▶ **Problem requirements**
Send back the data below exactly. Drop every picture.

▶ **Provided material**
——————

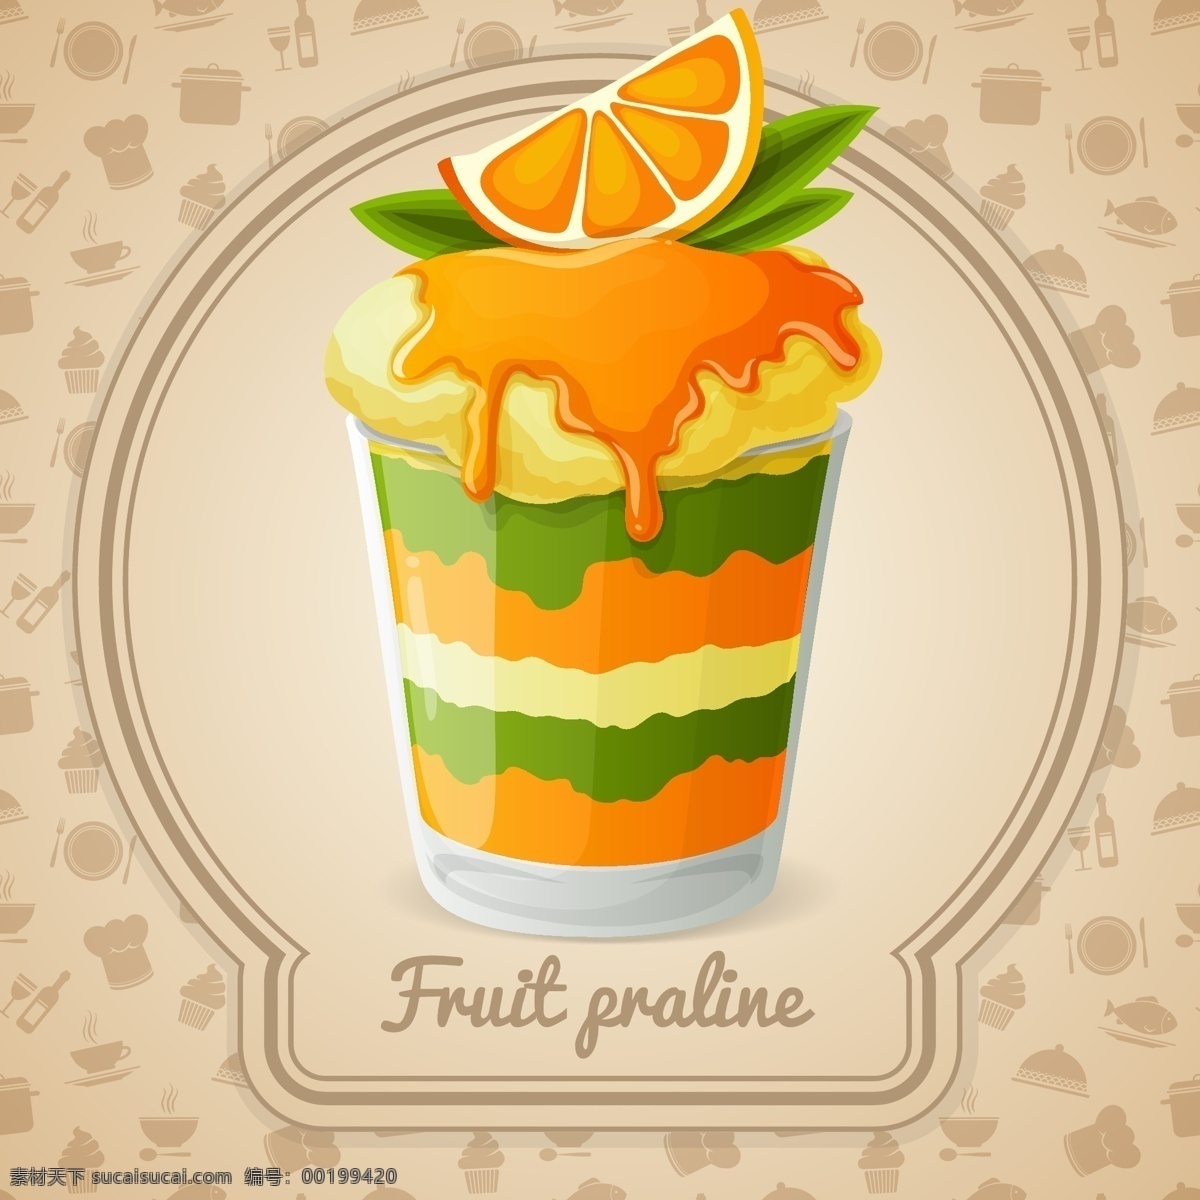 美味 橙子 冰 淇 林 插画 水彩 手绘 夏天 水果 桔子 冰淇淋
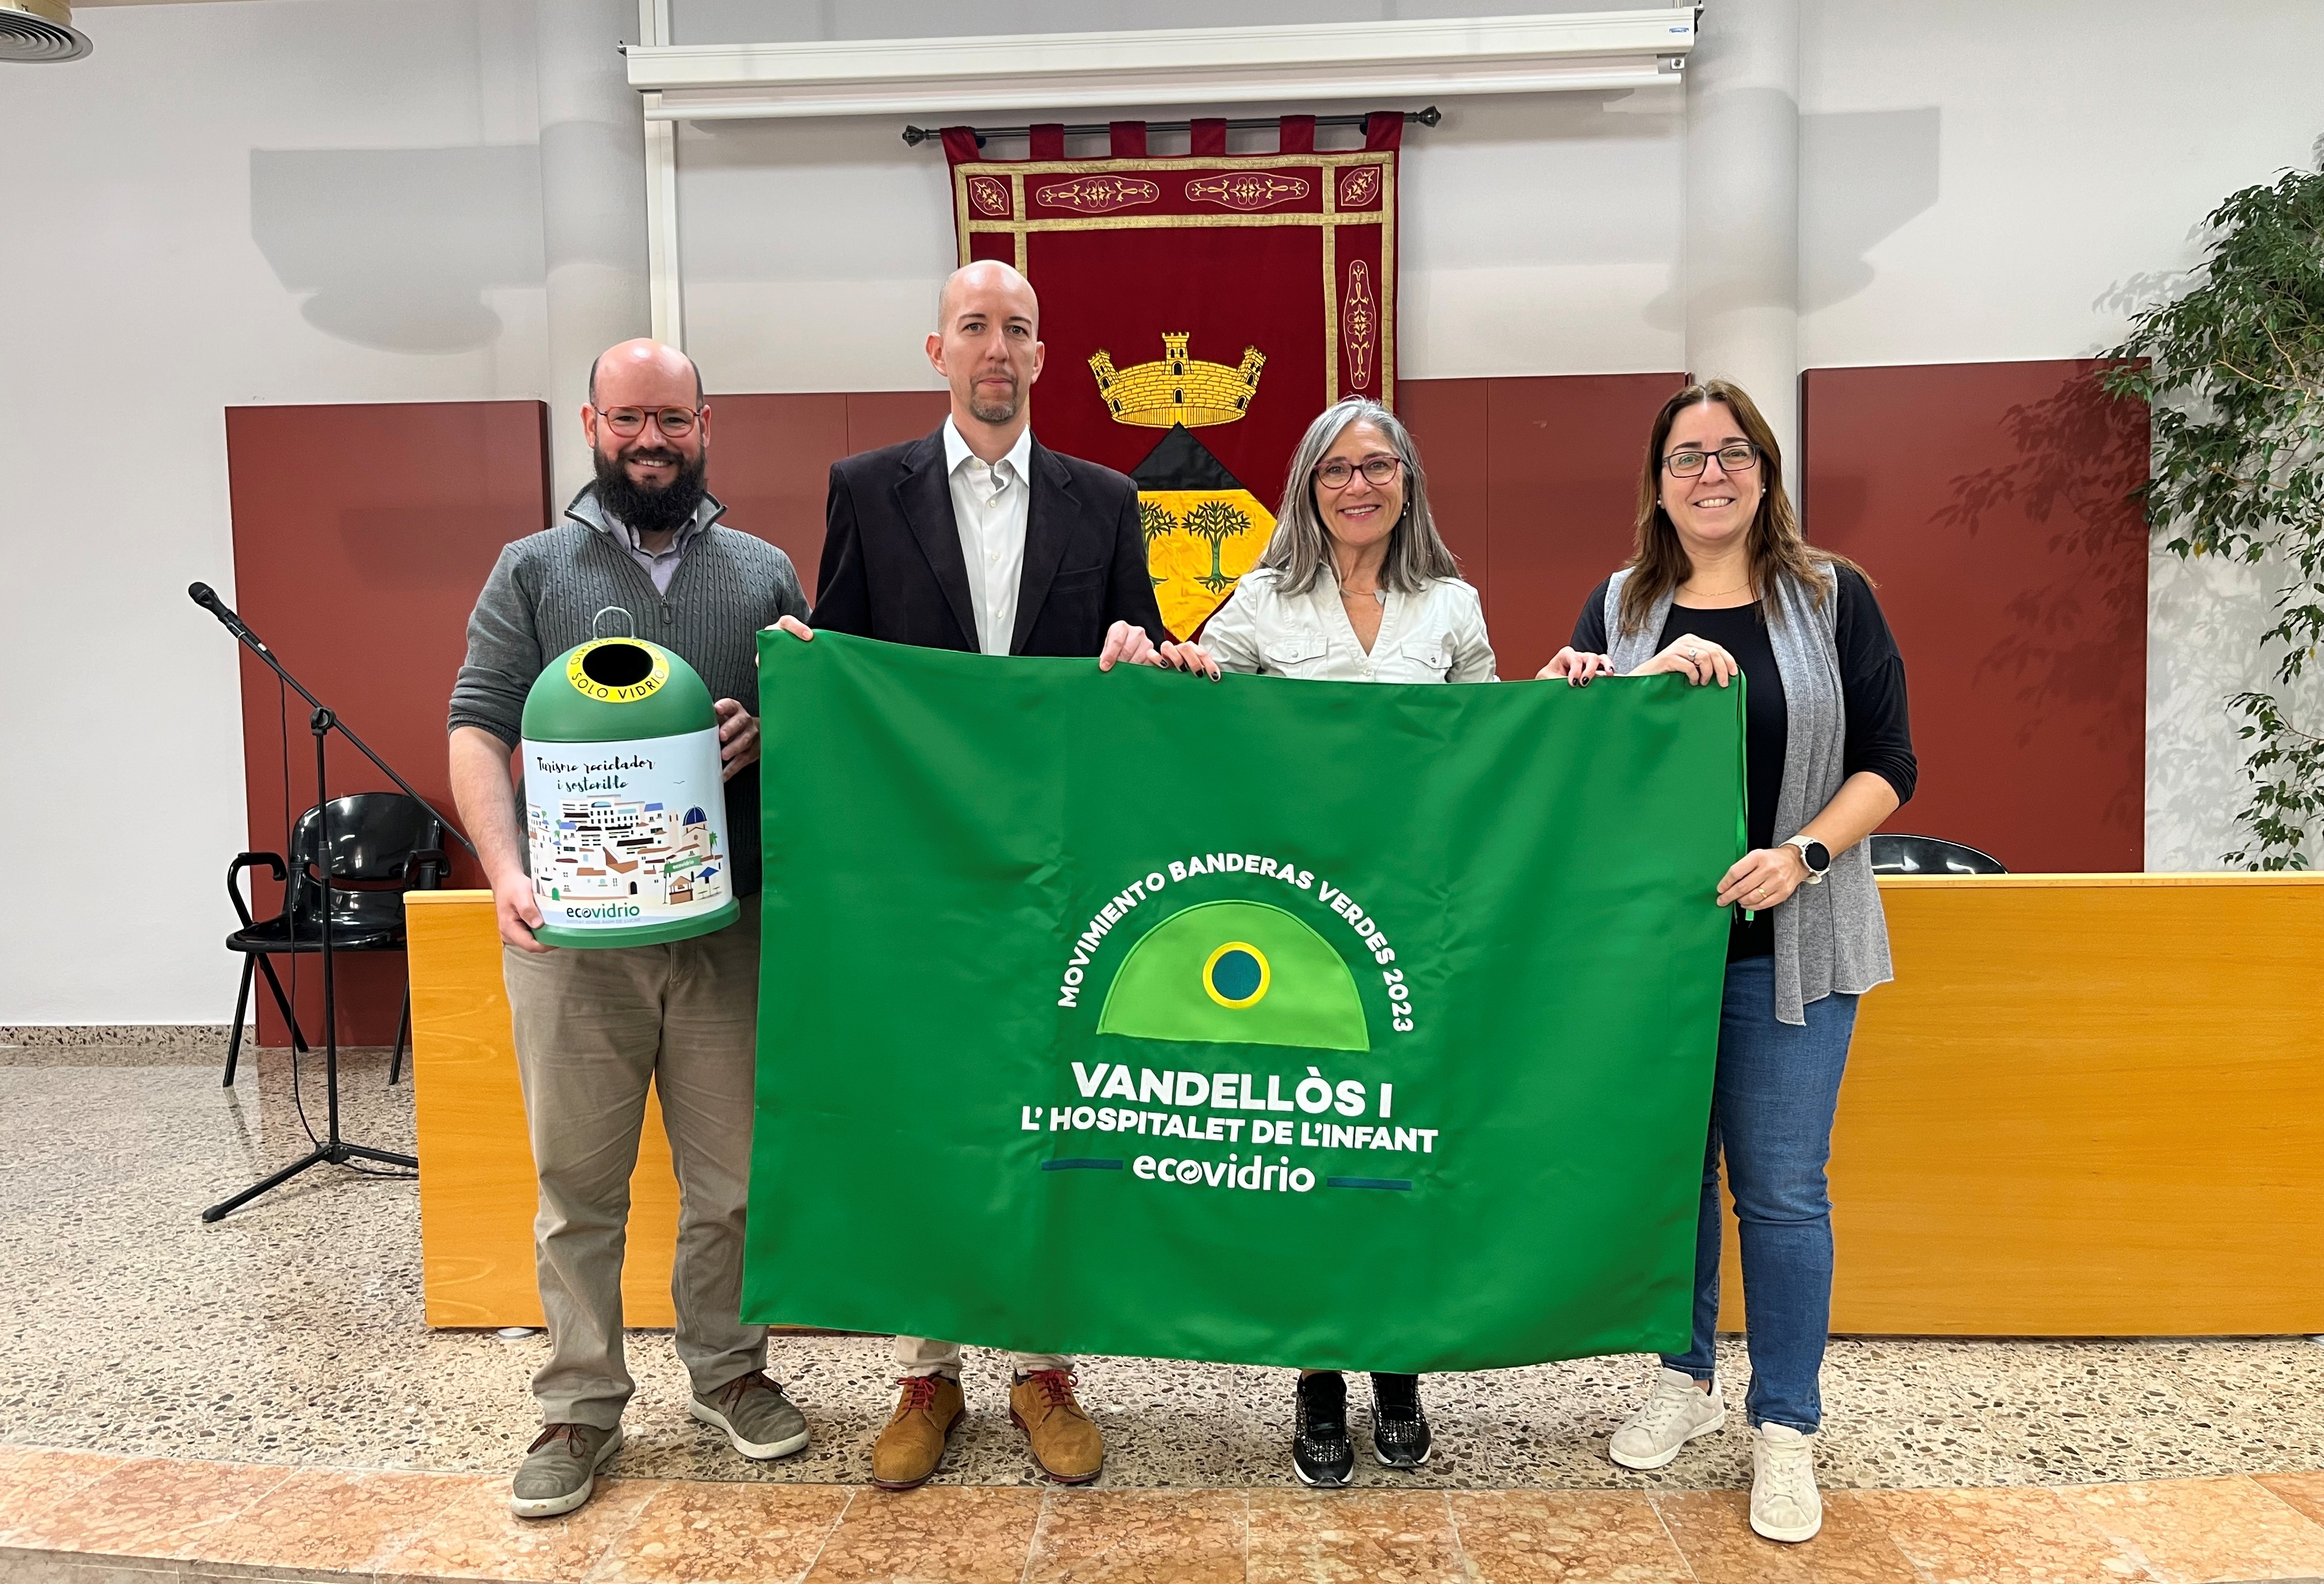 Vandellòs i l’Hospitalet de l’Infant aconsegueix la Bandera Verda d’Ecovidrio gràcies al seu compromís amb la sostenibilitat durant aquest estiu
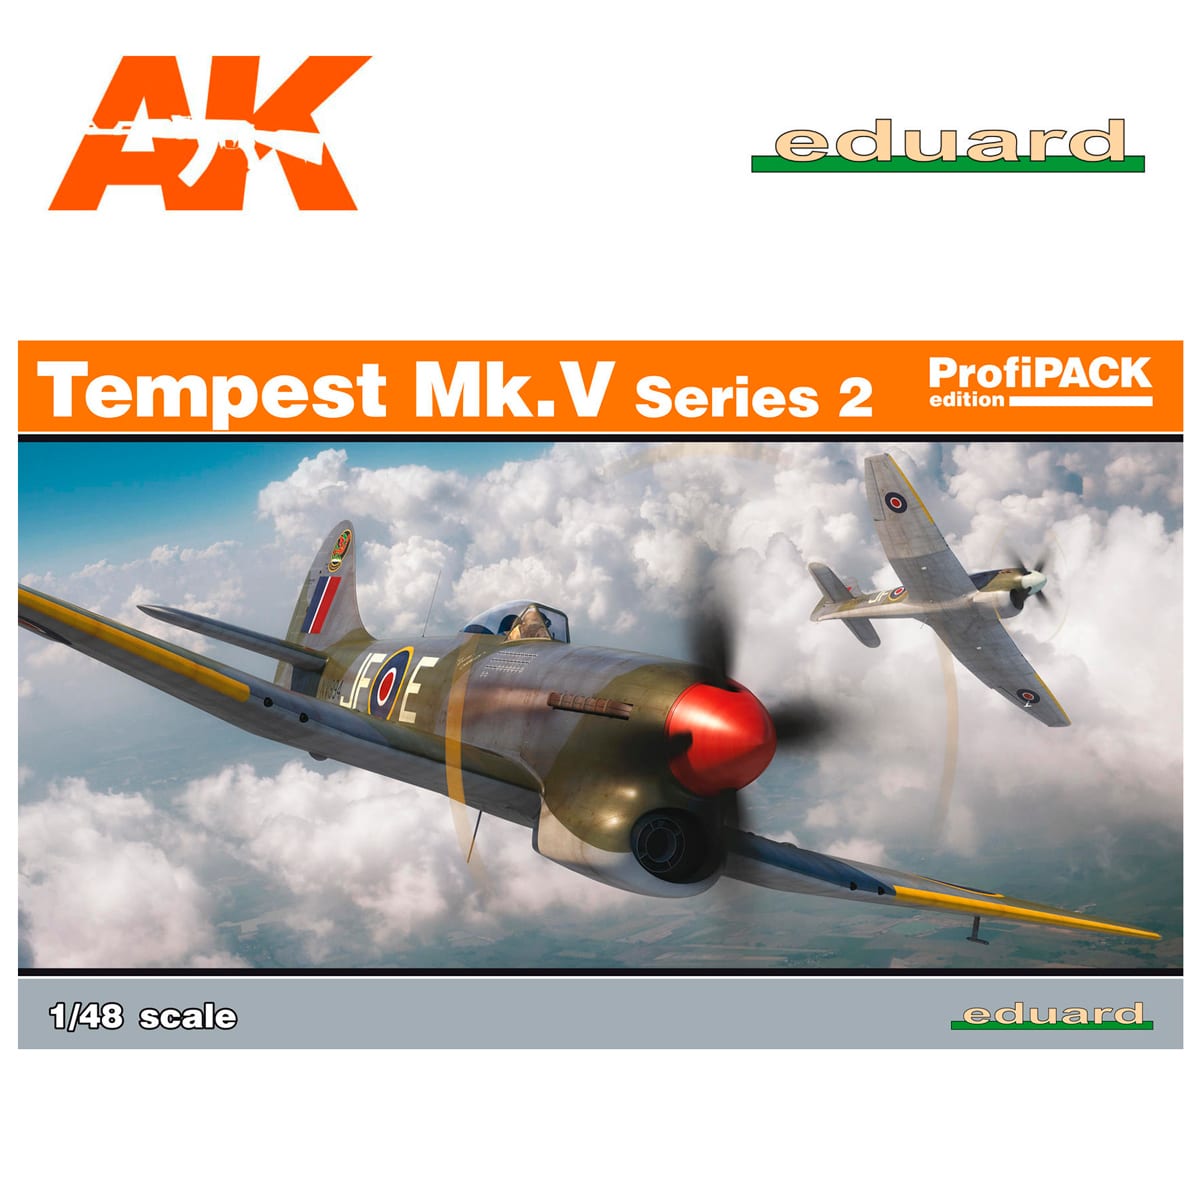 Tempest Mk. V series 2 1/48

——————

▶ **Answer to the exercise**
 美味 橙子 冰 淇 林 插画 水彩 手绘 夏天 水果 桔子 冰淇淋
 Vandellòs i l’Hospitalet de l’Infant aconsegueix la Bandera Verda d’Ecovidrio gràcies al seu compromís amb la sostenibilitat durant aquest estiu
 Tempest Mk. V series 2 1/48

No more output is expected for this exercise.